DATA UNDER STUDY:
===============
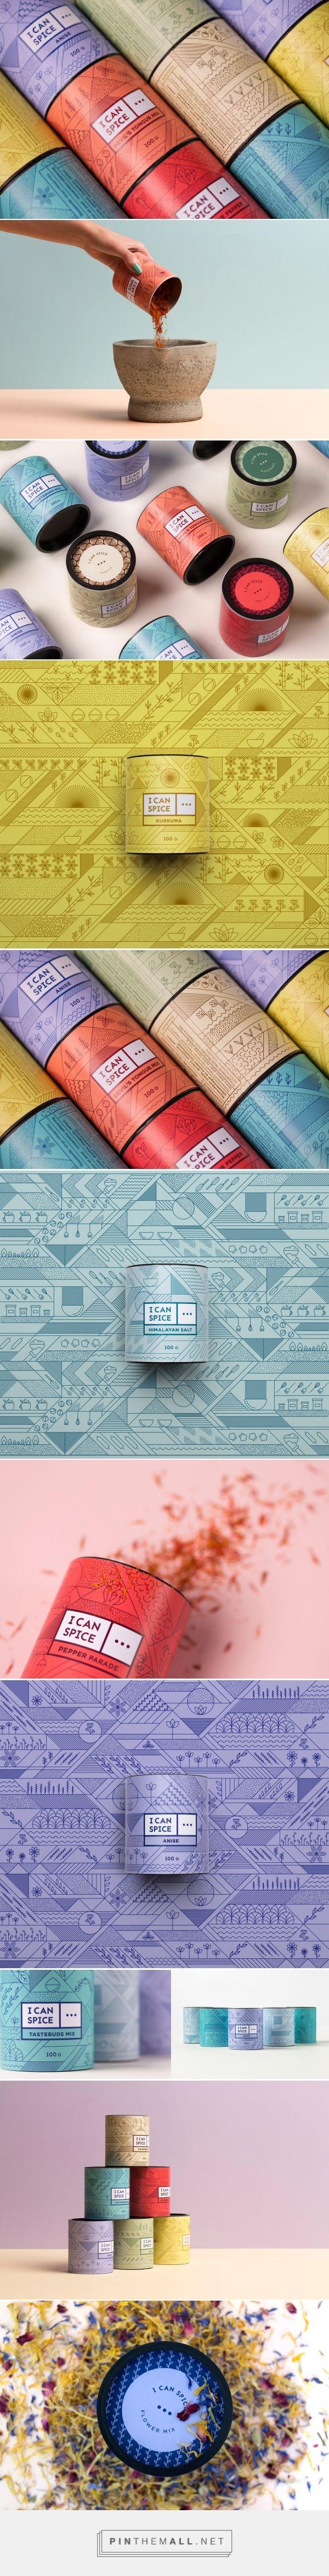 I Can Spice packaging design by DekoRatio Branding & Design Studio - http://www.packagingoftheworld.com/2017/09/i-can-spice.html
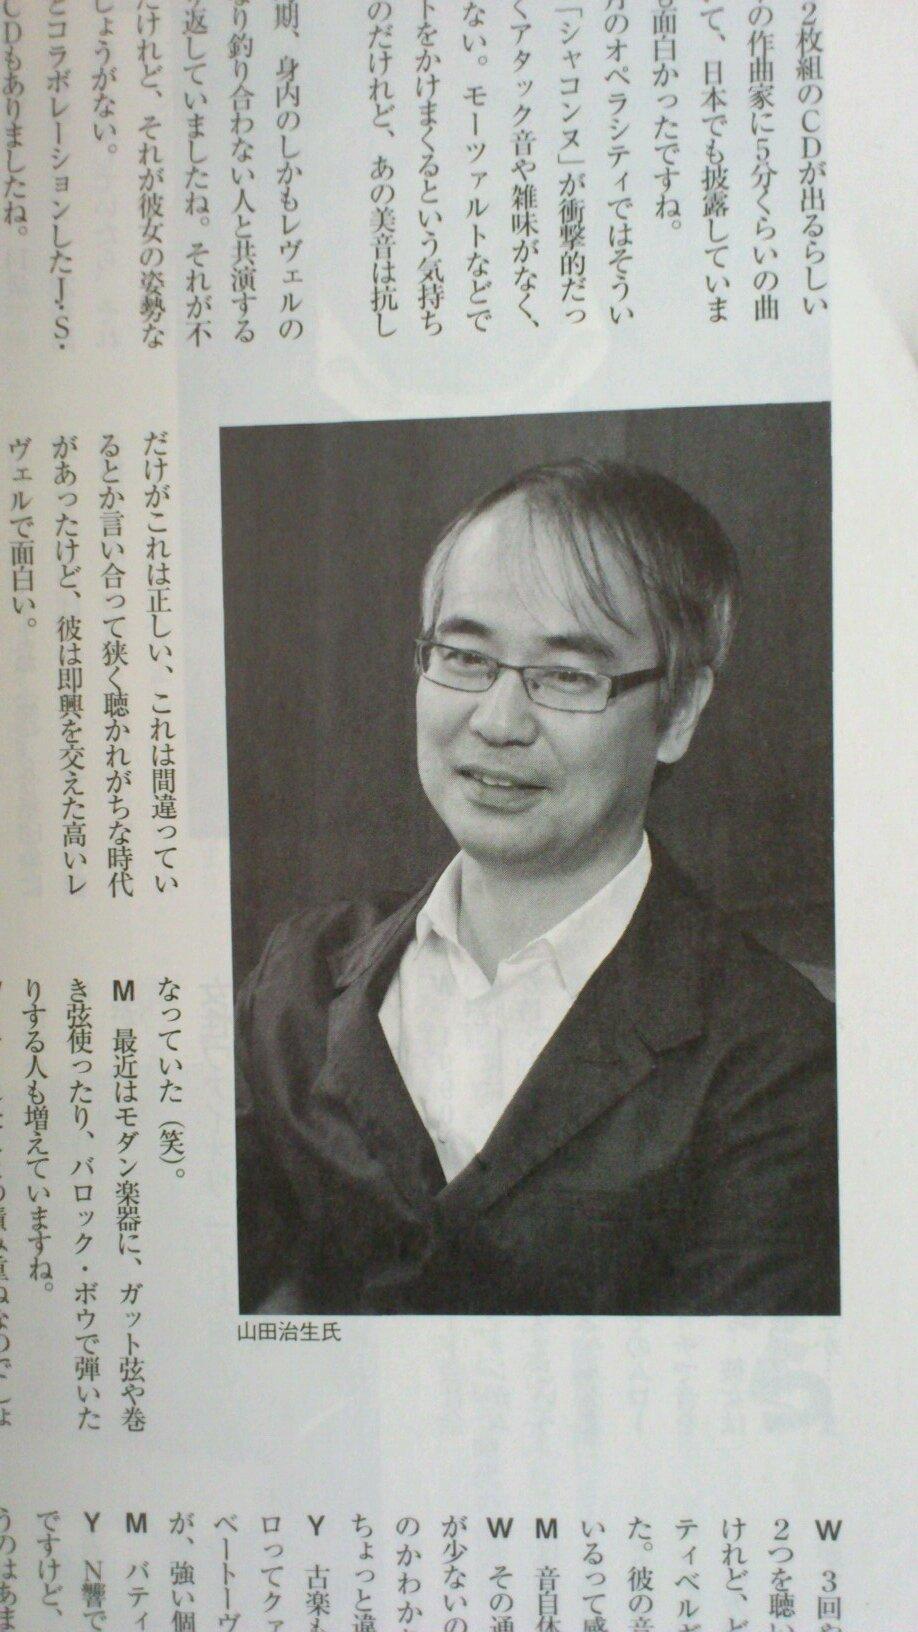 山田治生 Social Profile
===============
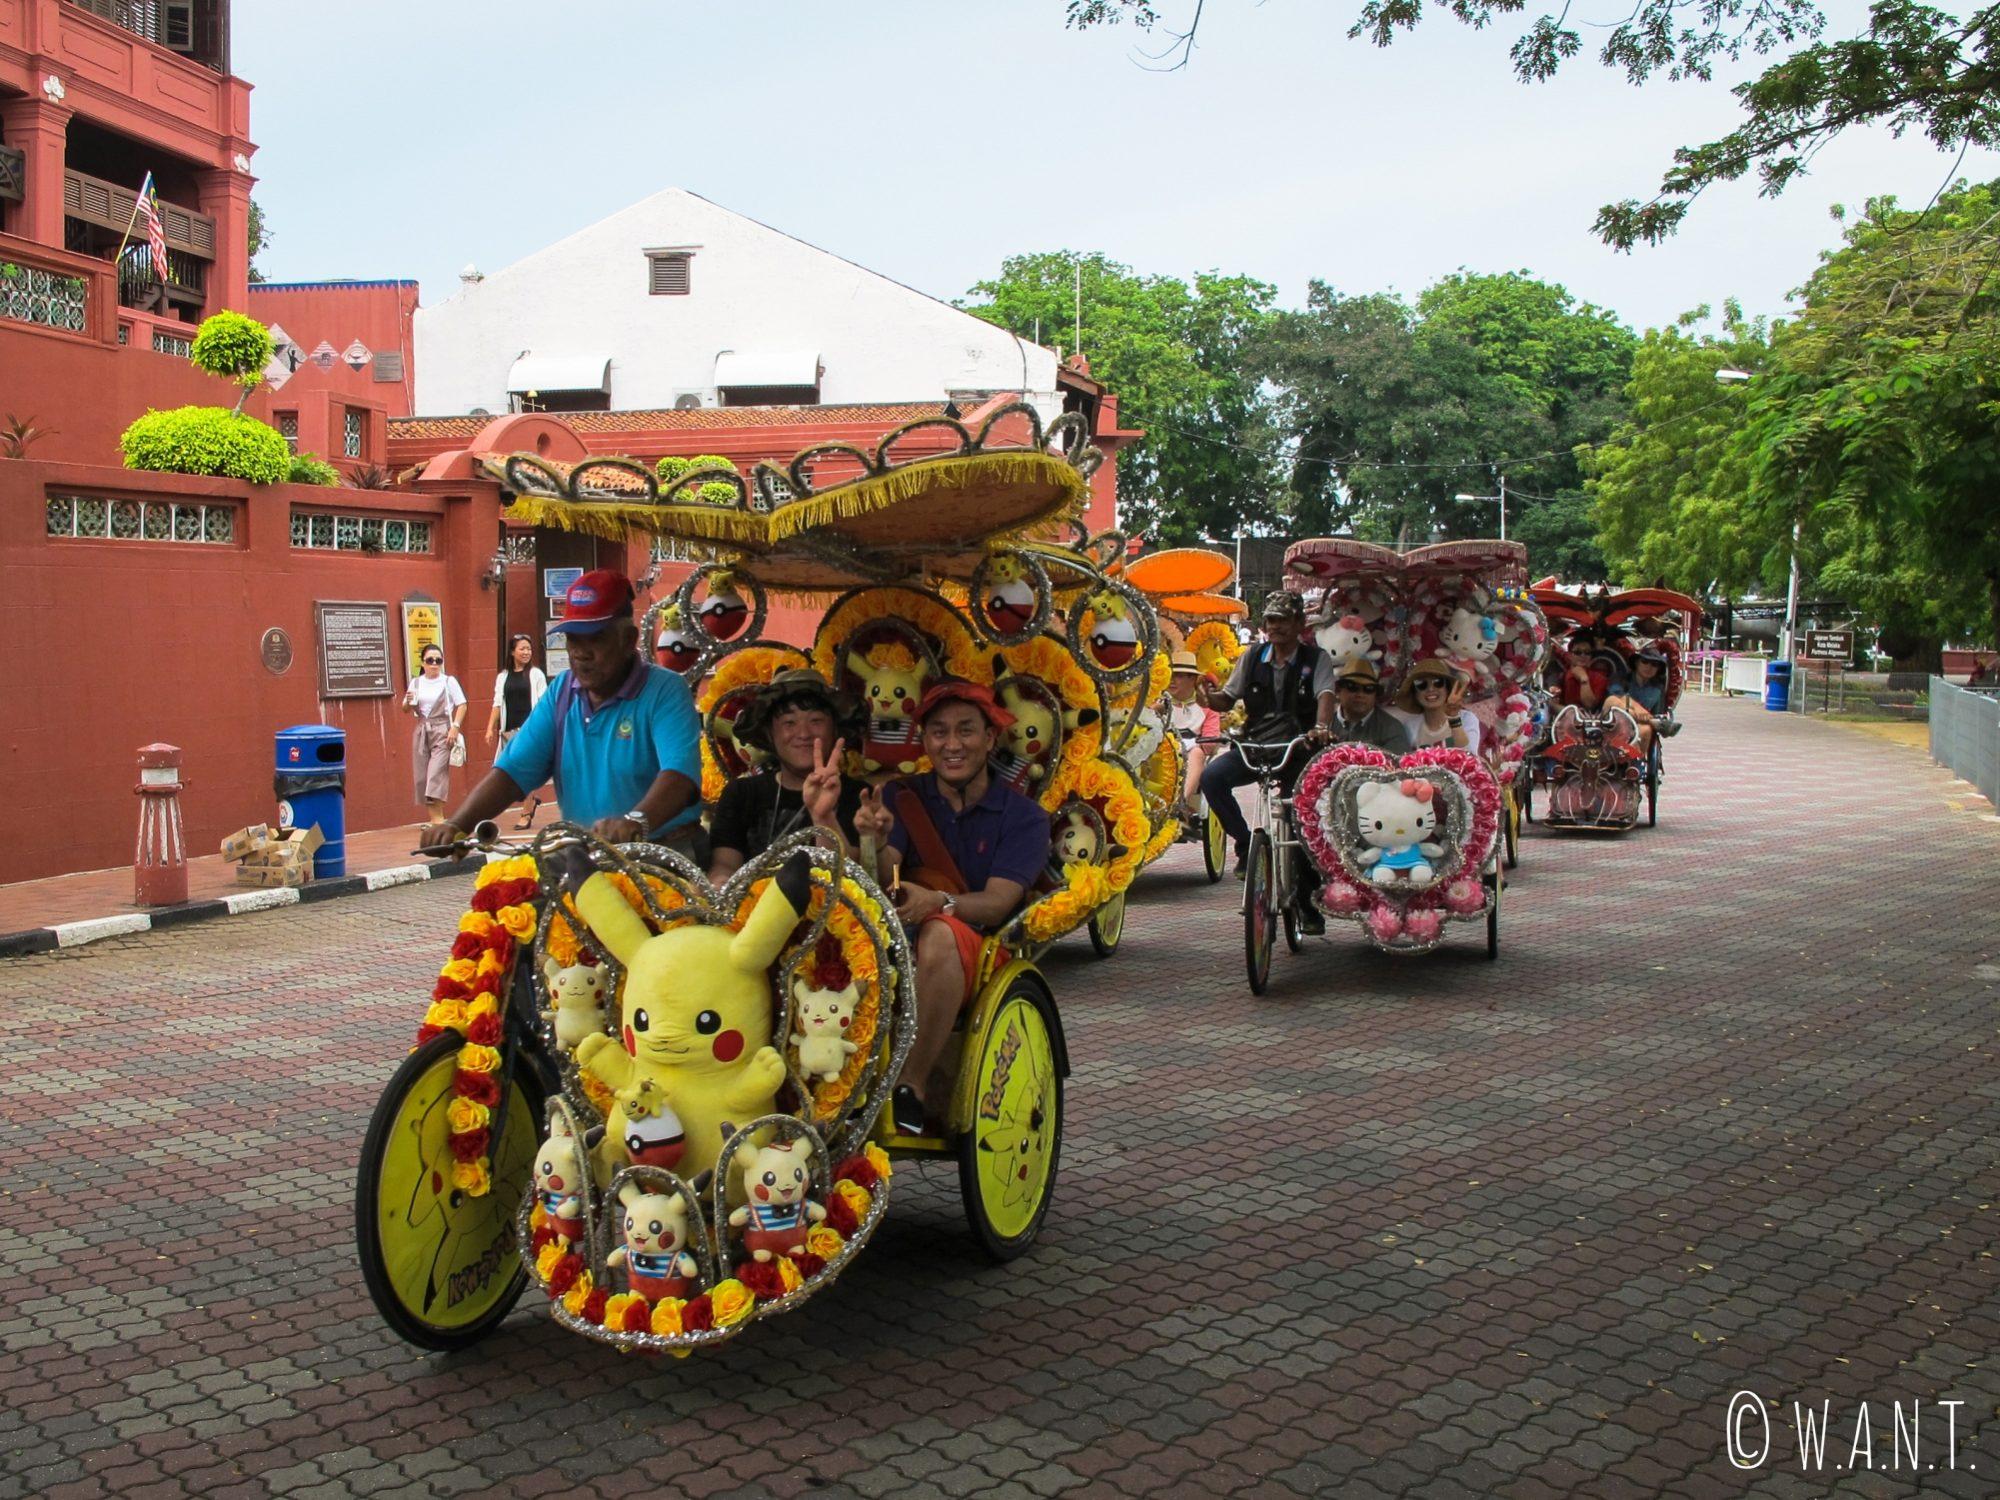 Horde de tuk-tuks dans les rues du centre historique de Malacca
===============
WORK REQUIRED: Within the listing above, the lines starting at the one containing "I Can Spice" and ending at the one containing "山田治生 Social Profile" are to be returned exactly. Omit the pictures.

ANSWER TO THE EXERCISE:
 I Can Spice packaging design by DekoRatio Branding & Design Studio - http://www.packagingoftheworld.com/2017/09/i-can-spice.html
 山田治生 Social Profile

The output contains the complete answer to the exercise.